Ma come si può fare di un qualcosa che conosciamo così poco e che viviamo così tanto un così presuntuoso schema d’utilizzo? L’amore non può essere soggetto a misurazioni e diversificazioni, non è possibile definire tramite un preciso metro quanto si ami un qualcuno o quale sia il tipo di amore che si prova nei riguardi di una persona, etichettando così di fatto un rapporto tramite ben precise classificazioni sociali.
L’amore è un universale senso di riconoscenza verso la vita, che incide sui rapporti nella stessa misura tramite la quale incide sul nostro vivere. Non è un punto di forza dalla quale si fanno nascere vettori orientati verso una o più persone, ma una serie di infinite rette che ruotano attorno tutto ciò che siamo.
Chi ama e fa della sua vita pura dedizione amorosa, amerà tutti perché ogni cosa e degna dello stesso amore, diversificando tale amore non attraverso l’intensità con la quale questo è concesso, ma dall’incontro di questo con chi lo incontra.
A definire il mio amore per qualcuno non sono io, ma la persona da me amata nel modo in cui questa reagisce all’amore.
Non esisterà una storia amorosa uguale ad un’altra, perché ogni persona che in vita abbiamo amato era in qualche modo diversa, come l’acqua che cambia e adatta la sua forma in funzione del recipiente. Ma d’un amore così libero ed universale abbiamo paura, tutto ciò che per grandezza non possiamo contenere ci porta ad uno scarso tentativo di riduzione.

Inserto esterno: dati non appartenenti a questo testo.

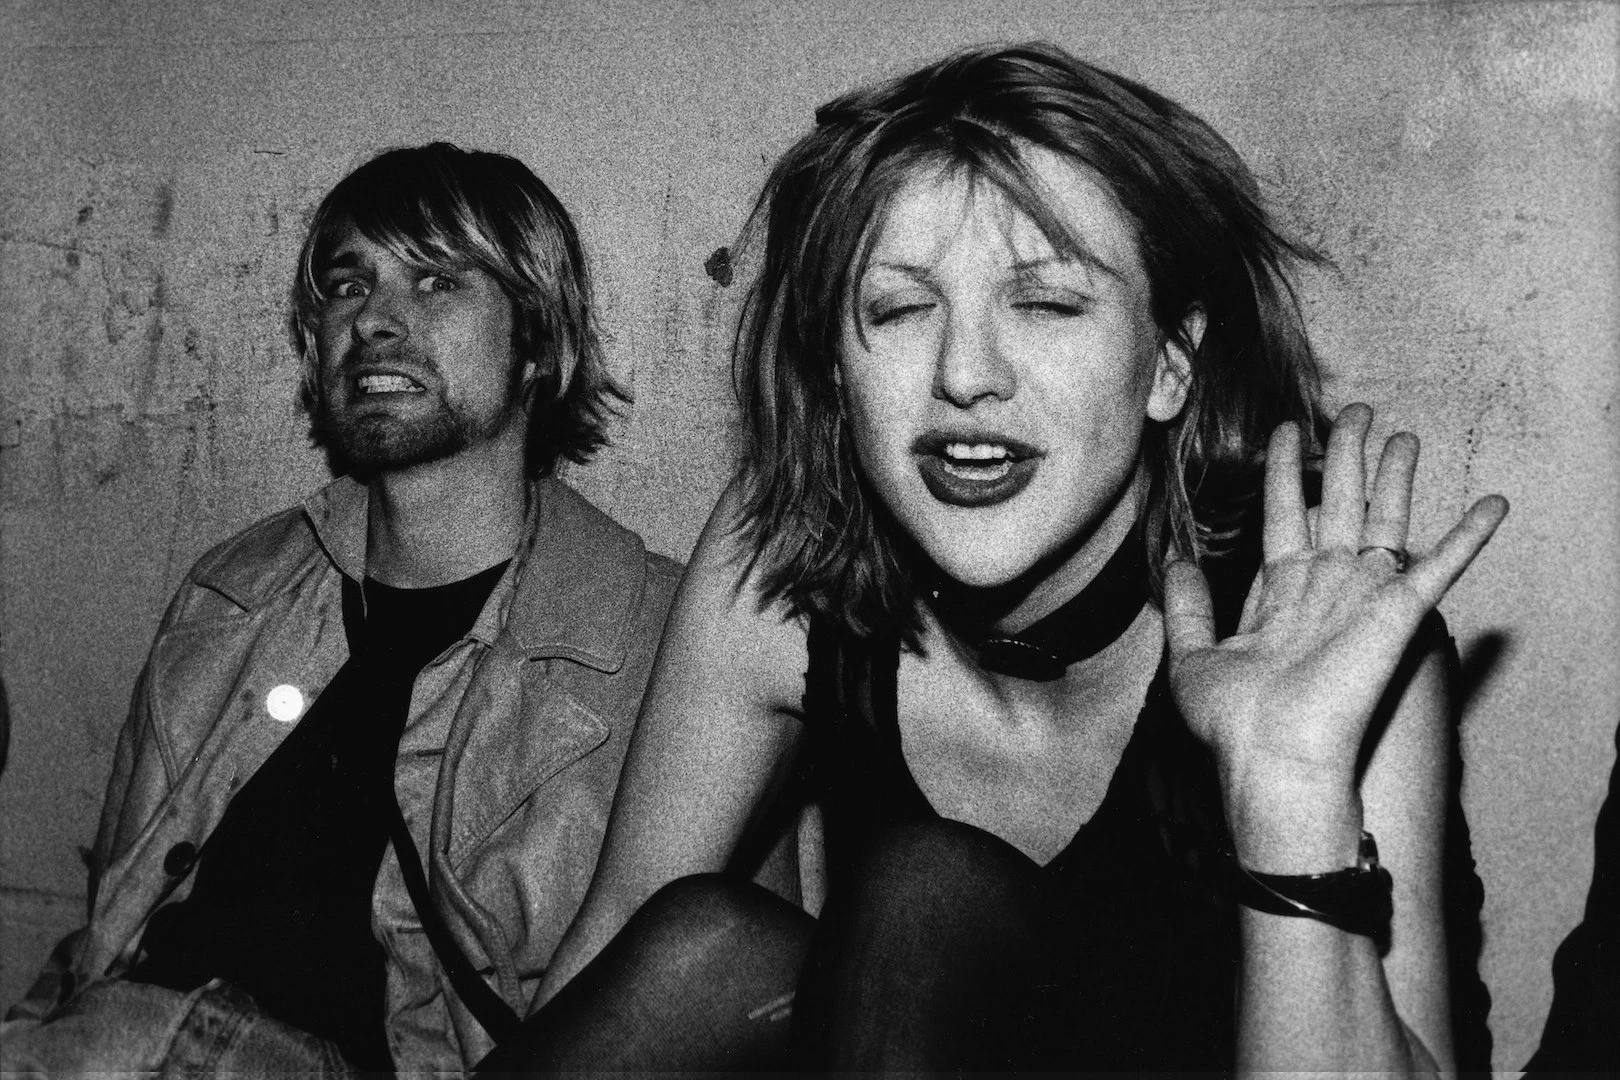 Courtney Love Honors Kurt Cobain With Wedding Anniversary Tribute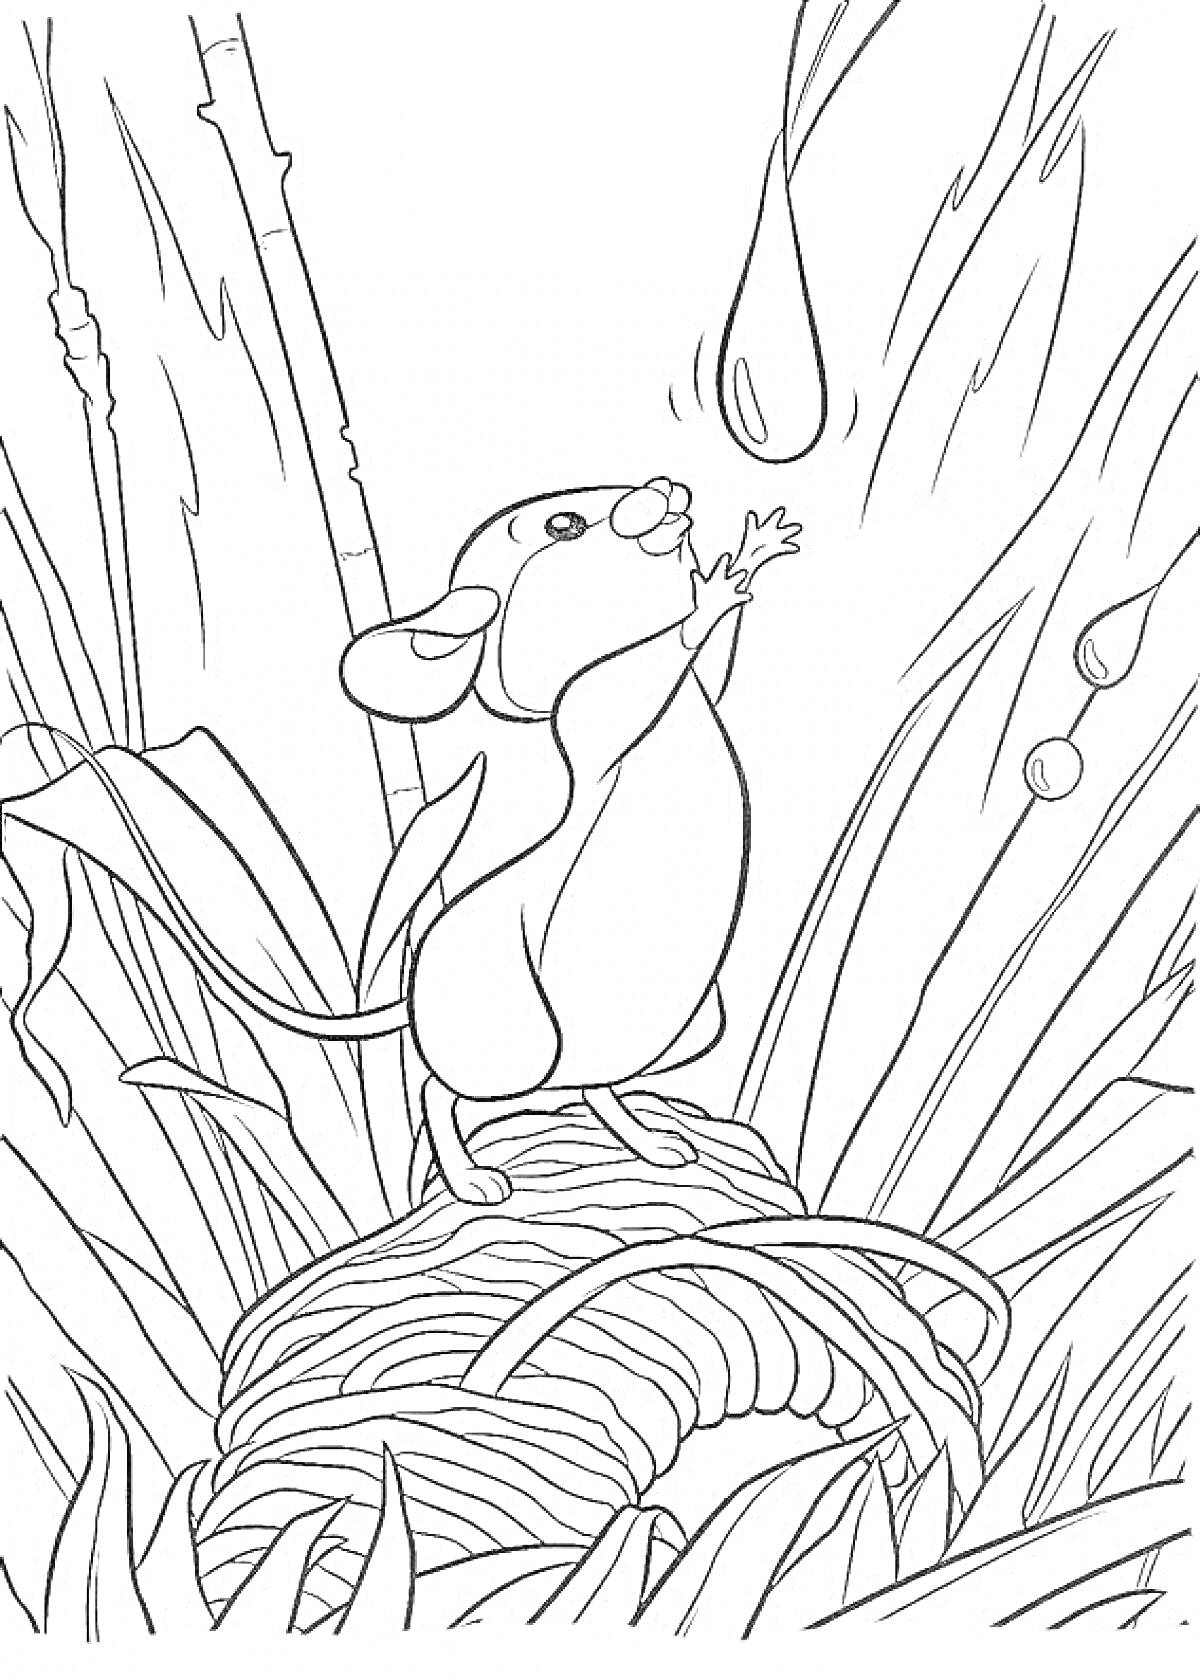 Раскраска Мышонок Пик на травяной подстилке тянется к капле воды

Vivere l’amore come un sentimento, ben consci che si tratti di molto di più, ci porta a scagionarci dal quel timore di non amare più attraverso gli altri ma attraverso noi stessi.
Se d’amore m’illumino per ogni luce che accendo, quando poi una di queste luci dovesse spegnersi chi mi indicherebbe la via per poter poi accendere le altre? Ma l’amore non pone di questi dubbi, né vive nella paura che possa mai terminare.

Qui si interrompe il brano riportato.